→ PROBLEM TO SOLVE:
Only the pictures are to be dropped, and the rest of the data should be copied exactly.

→ DATA SECTION:
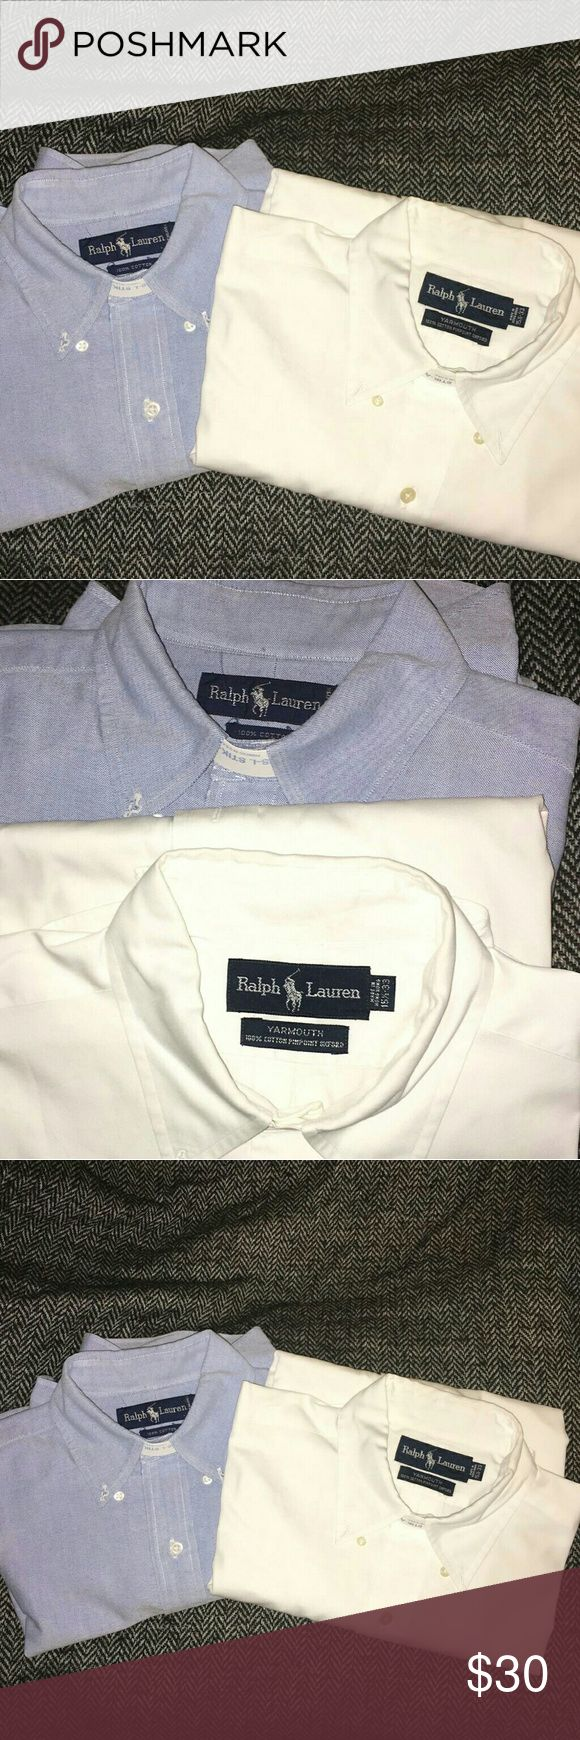 RALPH LAUREN MENS LONG SLEEVE BUTTON UP Two nice Ralph Lauren Mens Shirts - BOGO! Back from the Dry Cleaner: White & Light Blue Ralph Lauren Black Label Shirts Dress Shirts
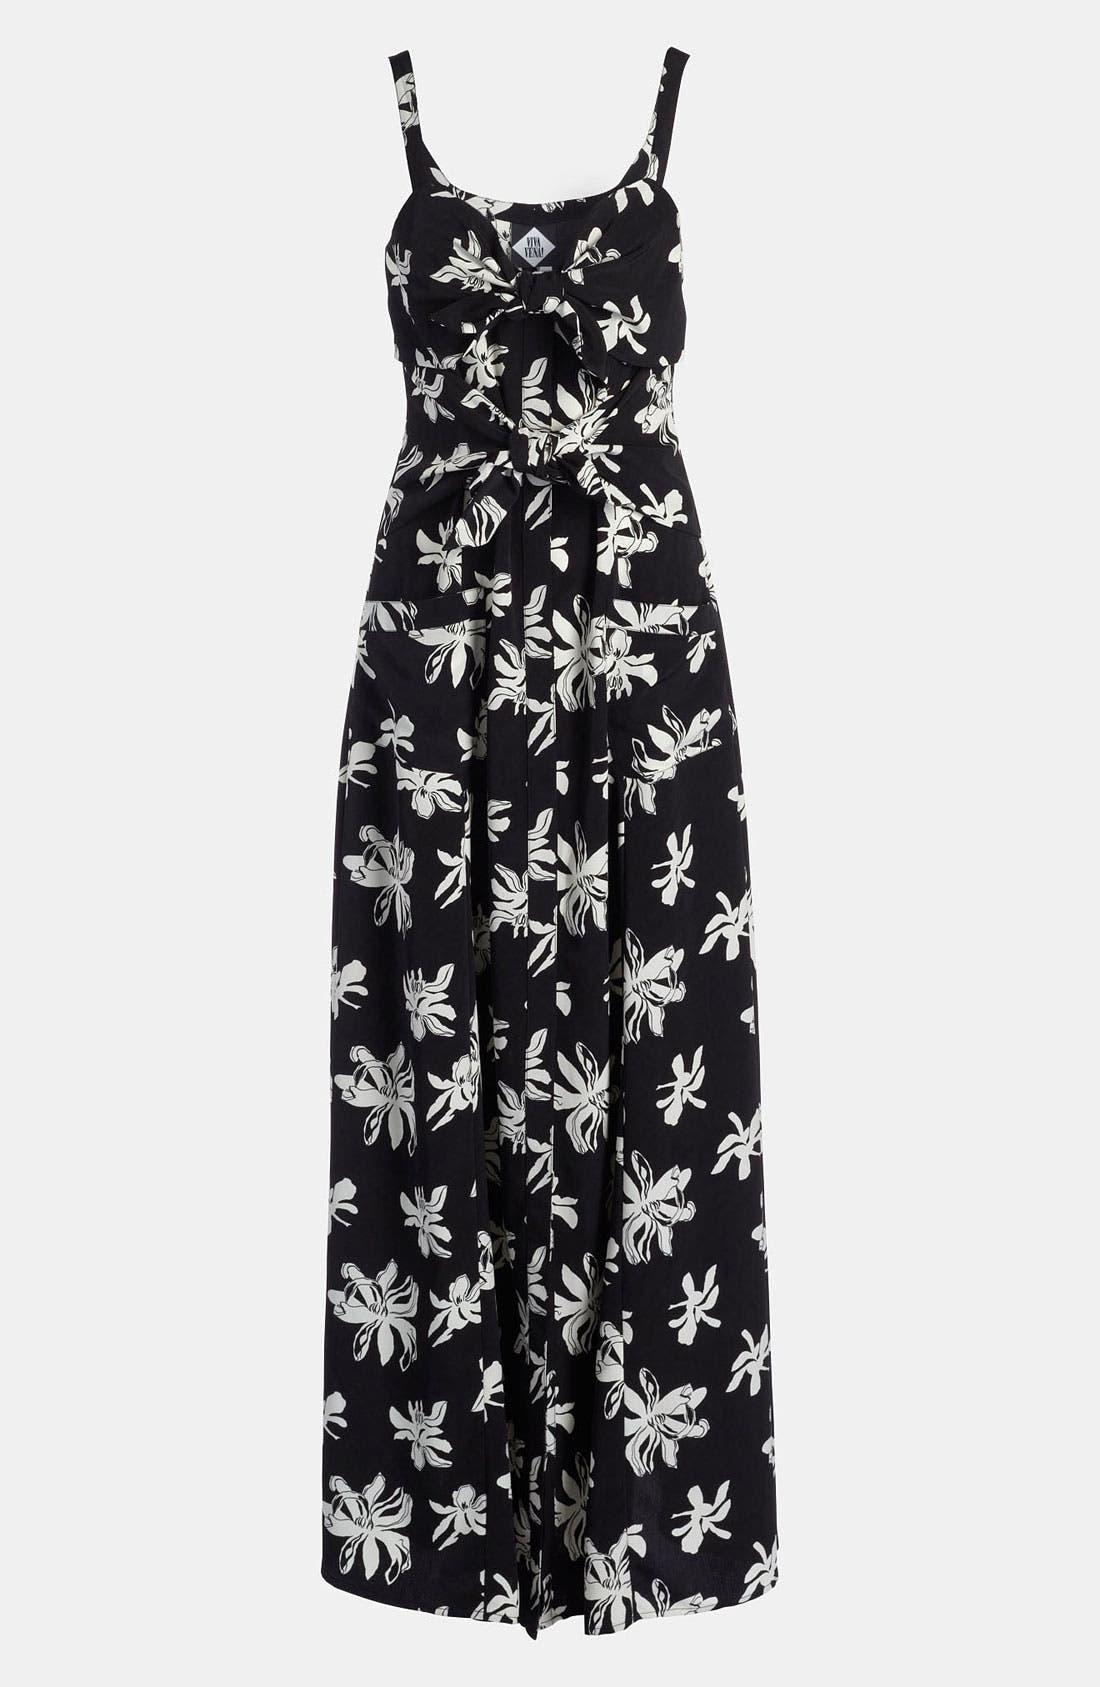 Alternate Image 1 Selected - Viva Vena! 'Art Collector' Dress
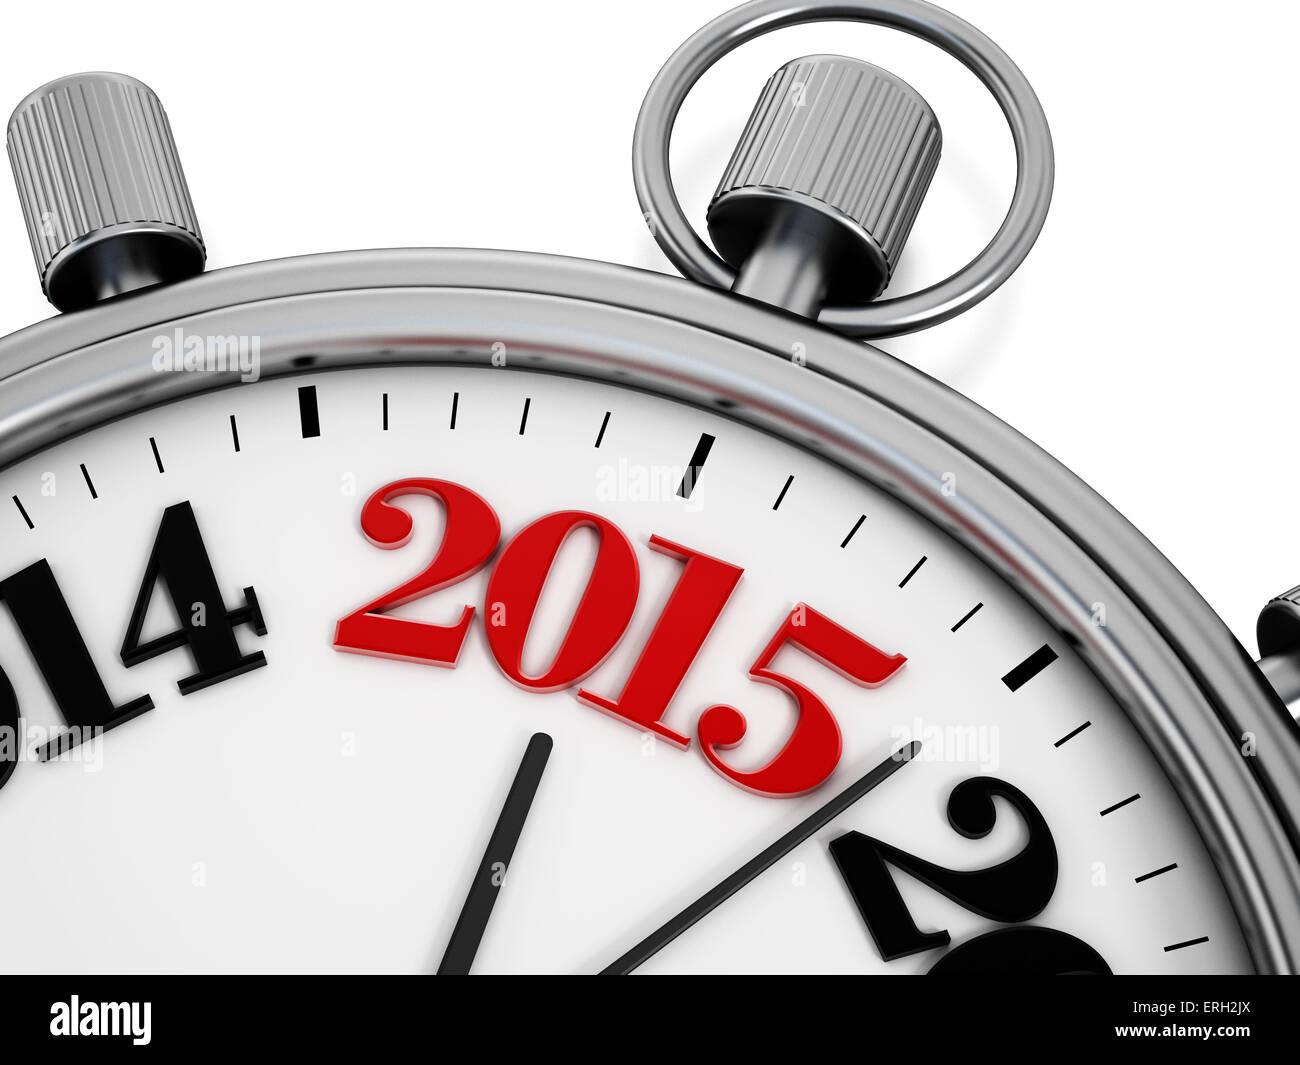 2015 text on chronometer - Stock Image

→ PROBLEM SOLUTION:
 RALPH LAUREN MENS LONG SLEEVE BUTTON UP Two nice Ralph Lauren Mens Shirts - BOGO! Back from the Dry Cleaner: White & Light Blue Ralph Lauren Black Label Shirts Dress Shirts
 Alternate Image 1 Selected - Viva Vena! 'Art Collector' Dress
 2015 text on chronometer - Stock Image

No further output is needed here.